Castro’nun “beyaz önlüklüler ordusu” olarak da tanımladığı Kübalı doktor ve sağlıkçılar, emperyalist orduların yaptığı gibi dünyanın dört bir yanına savaş, bomba ve ölüm değil, sağlık, dostluk ve dayanışmayı taşıyorlar. Bu başarı ve gurur tablosu, Küba sahsında sosyalizmin hanesine yazılıyor. Emperyalist basın tekellerinin sansürünü ve kara çalmalarını aşarak dünya halklarının daha çok gündemine giriyor.
Emperyalist odakların hizmetindeki satılık basın tekelleri, şimdiye kadar “dikta bir rejim” olarak damgalayıp, anti-komünist propagandanın malzemesi haline getirdikleri Küba’nın bu özellikleriyle öne çıkmasından ve konuşulmasından son derece rahatsızdırlar.
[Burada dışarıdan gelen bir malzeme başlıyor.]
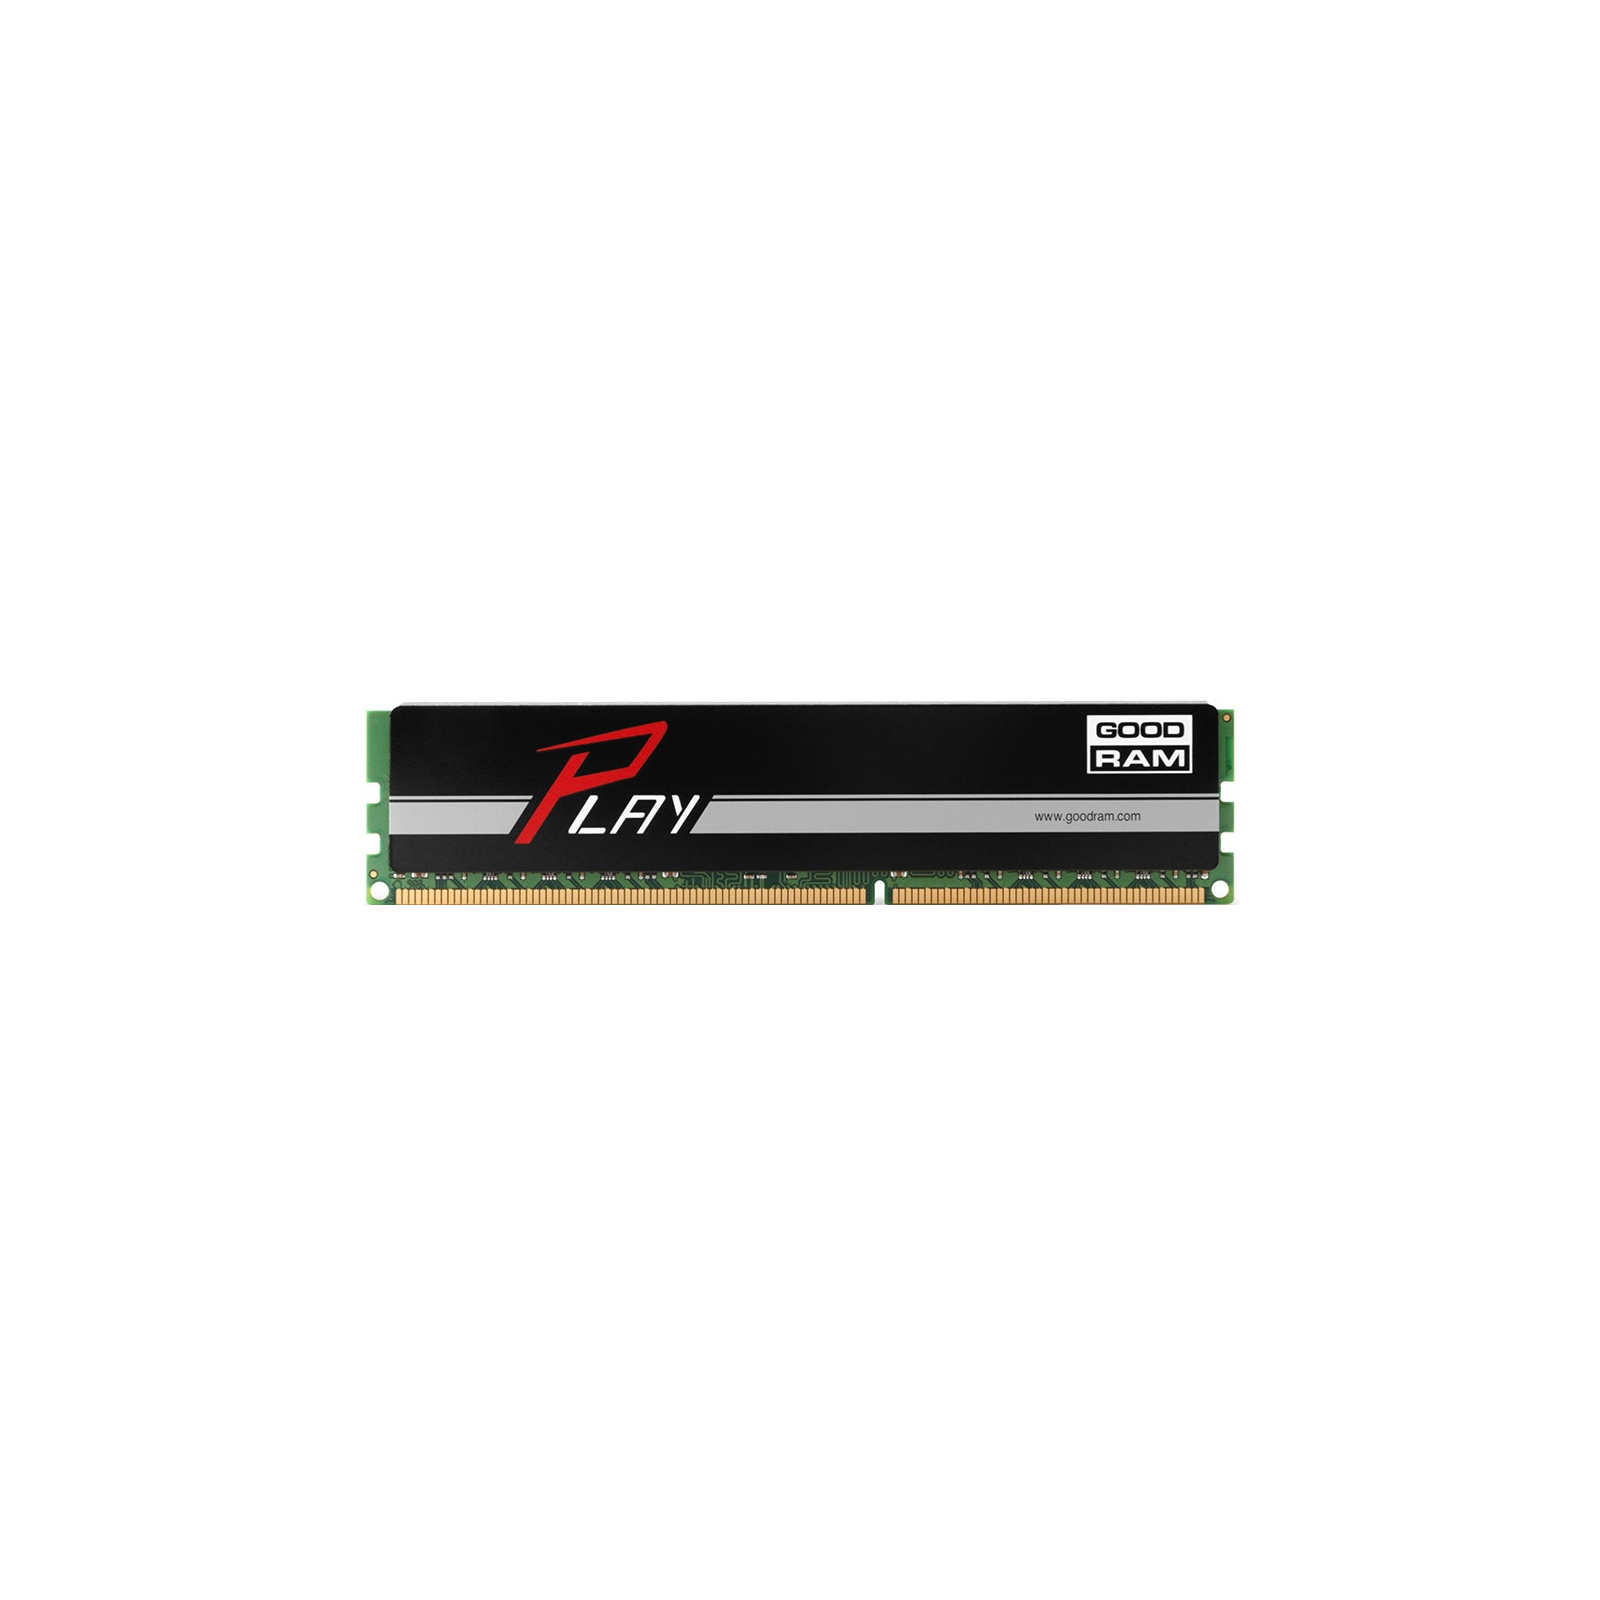 Модуль памяти для компьютера DDR4 8GB 2800 MHz PLAY Black Goodram (GY2800D464L16S/8G)

Bu salgın ortamında ve Küba’nın yardım isteyen her ülkeye yetişmeye çalıştığı bir durumda bile onu karalamaktan vazgeçmiyorlar. Bunda, anti-komünizm konusunda sicilli olan Alman basını başı çekiyor. Küba’nın tıbbi yardımlarıyla ilgili vermek zorunda oldukları haberlerin hemen arkasına karalayıcı açıklamalar eklemekten vazgeçmiyorlar. Utanmadan Kübalı doktorların hapishaneyi andıran ülkeden kaçmak için yurtdışına gittiğini, yurtdışına giden doktorların gelirinin çoğuna devletin el koyduğunu, doktorların Küba’da sefalet içinde çalıştığını, doktorların gittikleri ülkelerden malzeme getirdiklerini, Küba’nın en önemli ihraç “maddesinin” doktor olduğunu vb. yazabiliyorlar.
Küba’nın başardığı ne bir sır ve ne de bir mucizedir kuşkusuz. Bunun için kapitalist ülkelerin yaptığını yapmamak yetiyor. Yani kârın, sömürünün, rekabetin ve hegemonyanın değil, insan sağlığının ve mutluluğunun esas alındığı bir sistem olmak… Küba, ambargo altında olan ve kaynakları son derece kıt bir ülkenin bile insan yaşamına değer verdiğinde neleri başarabileceğinin kanıtıdır. Sahip oldukları devasa kaynaklara rağmen emperyalistlerin başar(a)madığı da budur. Küba şahsında ortaya çıkan olgu, sosyalizmin insancıl niteliğiyle toplumsal sorunların çözüm adresi, kapitalizmin ise barbar yüzü ile bu sorunların kaynağı olduğu gerçeğidir. Düzen sahiplerinin uykularını kaçıran ve onları kara propaganda yapmaya iten asıl sebep de budur.